3

I have a rather large project which will ultimately benefit society, and I'm looking for all the help I can muster.   I have about 130,000 pages that need to be digitized. Many of them are in packages that have staples, or are on paper that is 40 plus years old (and is quite thin compared to today’s paper). Some of it is oddly sized (full size legal, maps, and small postcard sizes..). However, we have only ~10 days to process this work (once we arrive on site). We could work through the night.  

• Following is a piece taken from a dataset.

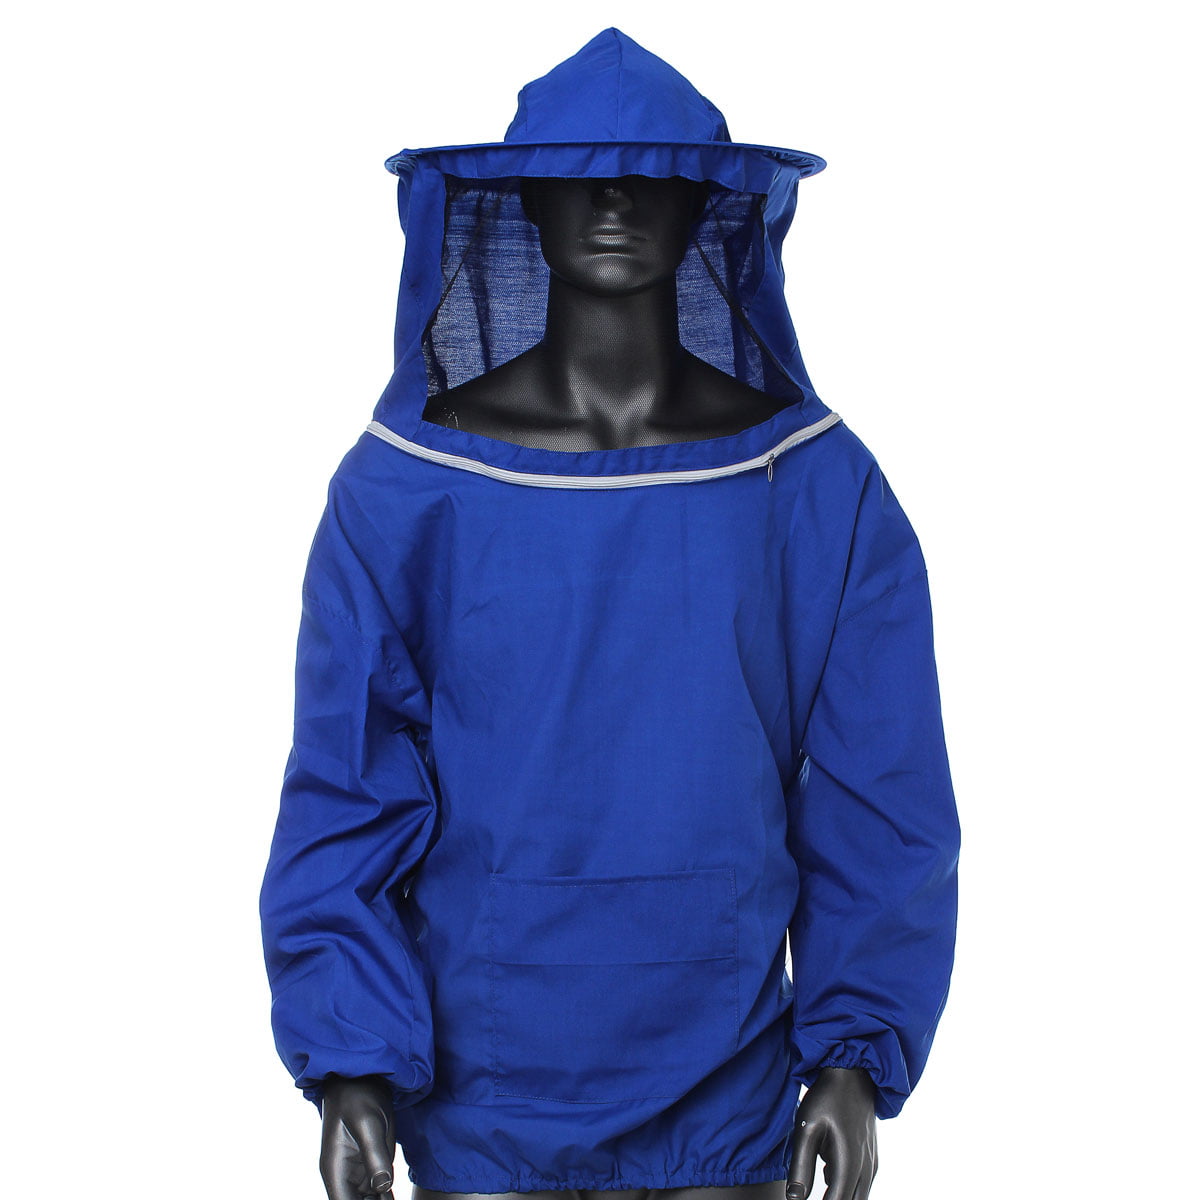 Beekeeper Beekeeping Jacket Protective Veil Smock Hat Suit Clothes Equipment

I have a team of 6, and we have a relatively small budget to accomplish this task. We’ve considered modern scanners (such as a feed-tray fujitsu scansnap), which can process pages at ~25ppm (pages per minute), but we are concerned about pages being torn or caught (and we are trying to not jeopardize originals). There is also the question of the staples (which could be removed...). We could do flatbed, but whoa, that's a huge job to do manually! We could always do this for the very large pieces.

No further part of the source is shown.